Either way, I just don't understand how this match can be any amounts greater than Brock/Cena (of which I wasn't a fan, but I can see the sheer greatness in it, hence my rating) or Punk/Bryan. The latter being more obvious, considering they somewhat abandoned the E's style for a more technical, indy-circuit one. Sure, it didn't have the big-time impact RoH moves that Davey/Elgin did (for the HELL YEAH factor) but it did everything else better, imo. Just for a marker, I have that on the lower end of my 4.25 rating spectrum.

I see I re-gave Bryan/Punk's other TV-matches the same rating as Elgin/Davey. I'd love to say I'll rewatch this, but I've said that of many matches before I left for my studies. Many matches I know will still get a better rating than this. So, if I can get through those and the long list of matches I've missed then maybe, maybe I'll rewatch this.

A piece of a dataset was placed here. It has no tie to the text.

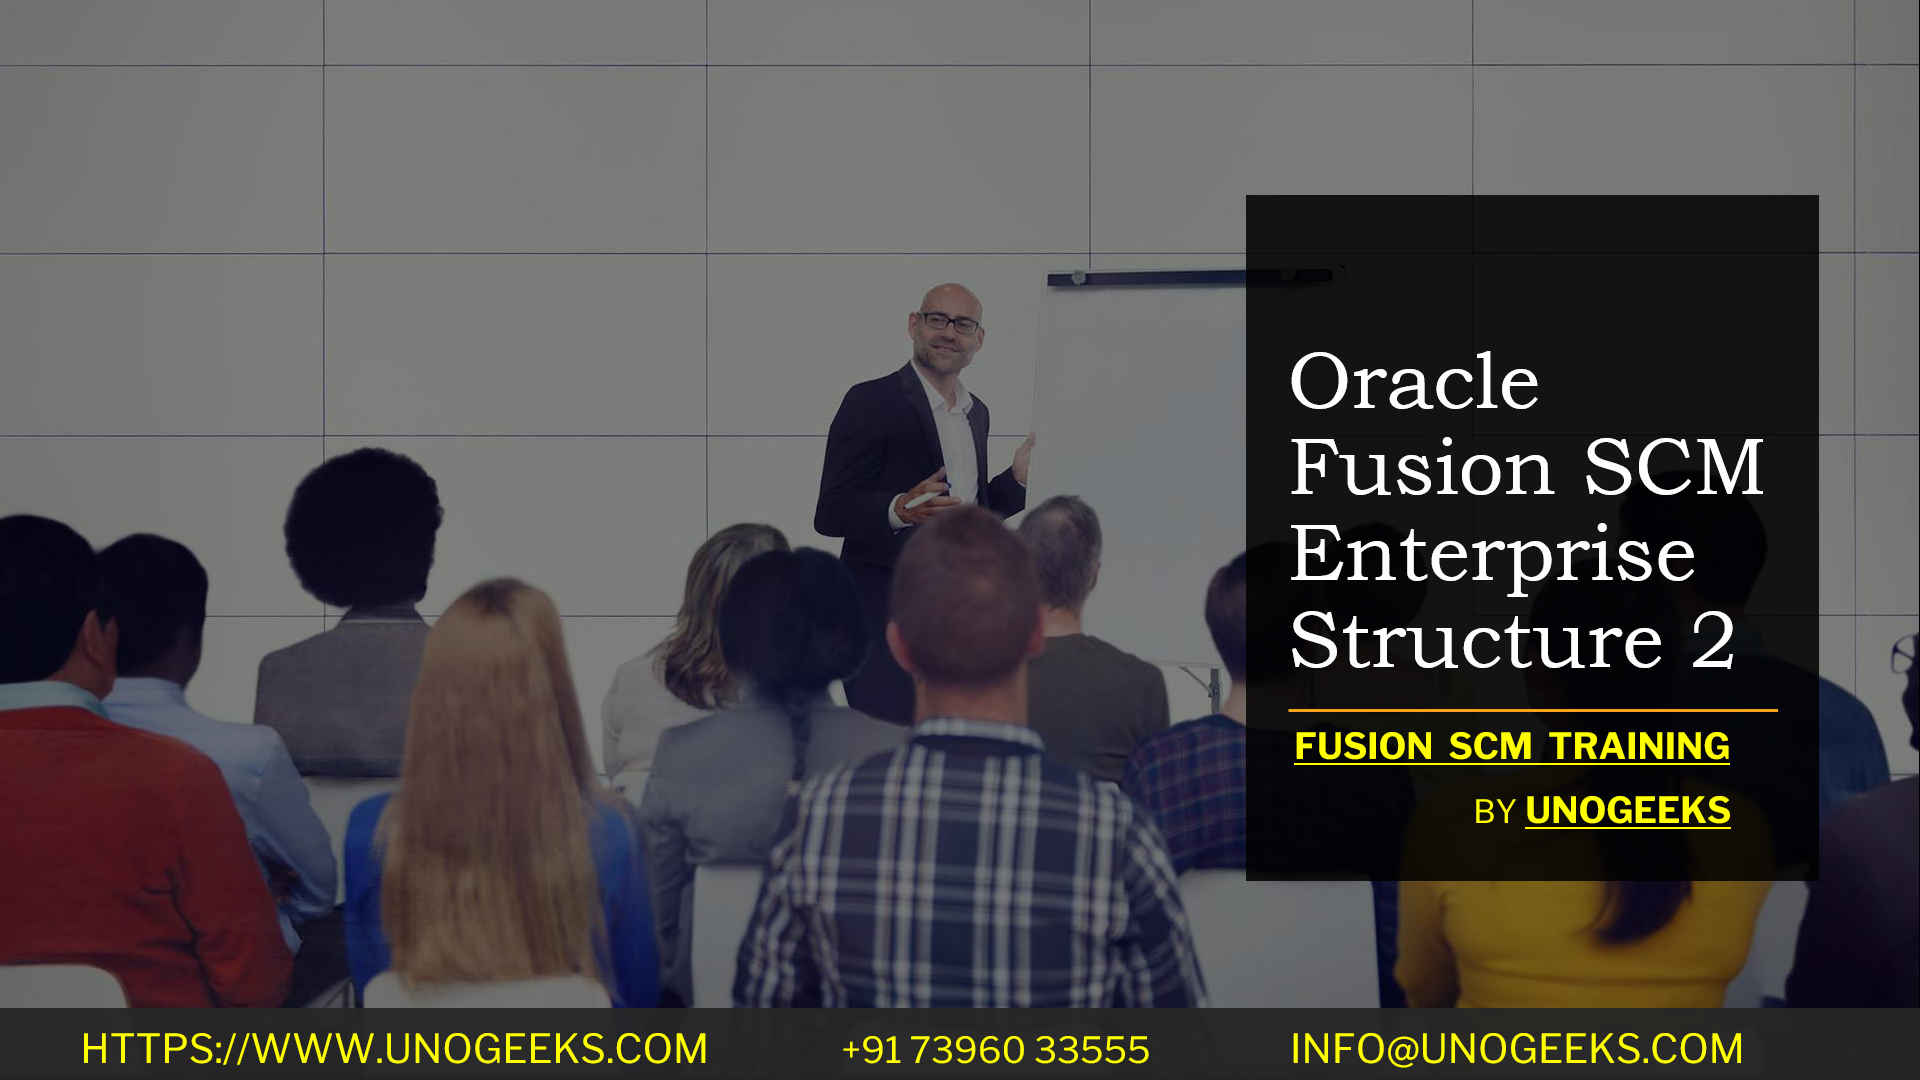 Oracle Fusion SCM Enterprise Structure 2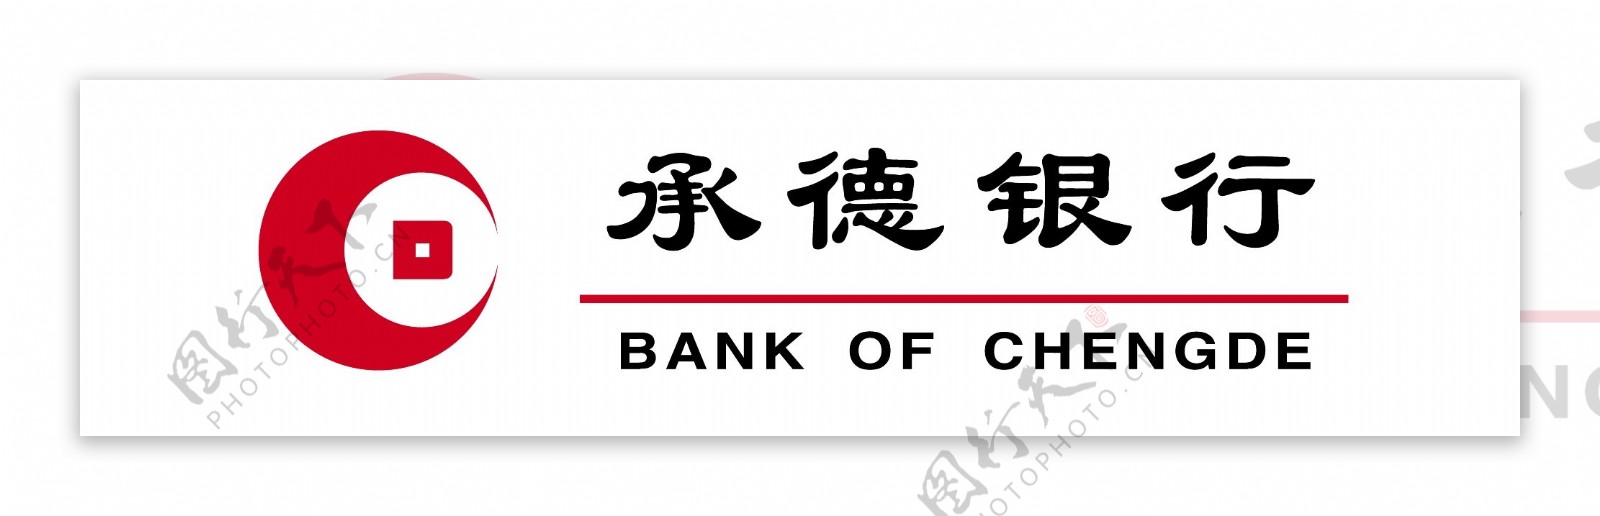 承德银行logo标志

Perhaps, like I said, I was too hard on this (due to displaced frustration) but I don't feel happy enough to give this anything more than the same rating I gave to Steen/Generico (4+).
2 Things

A) I do appreciate that you don't just throw snowflakes at matches without logic, or just based on how much of a buzz you get from them. I think there's been a star rating inflation with matches like Taker/HHH getting 4.75-5 stars simply because they go a certain amount of time, and incorporating a base line of brutality. Sometimes it seems like a match going 20+ minutes gets and automatic 3.5 stars, and containing a certain number of spots automatically bumps it up to 4. So I do appreciate your method, even if I don't agree with all of it.

B) Your point of selling the fear is valid, but I think you might be expecting a bit much. I like to point to the Danielson/KENTA match for this. Danielson (yes I'm using his old name) was injured, and still could do a number of moves with his legit injured shoulder. I know that selling is based on what the audience expects, and therefore selling to communicate to the audience is more important than "realism", but I think there's a lot of leeway in here. You brought up Punk not selling on getting Bryan in the fireman's carry (at least I believe that's what you were referencing)but I think Punk did a lot of selling the ribs throughout, so I was ok with it. He was slower on climbing the turn buckles etc. Same with Bryan and selling the leg. He brings it out at certain points to remind the audience that he does actually have a leg thing, and that he can only overcome it with an adrenaline burst (like he gets near the end of the match). A lot of people said that Bryan wasn't selling the leg properly, but sometimes I wonder if they were expecting Bryan to not be able to use the leg at all.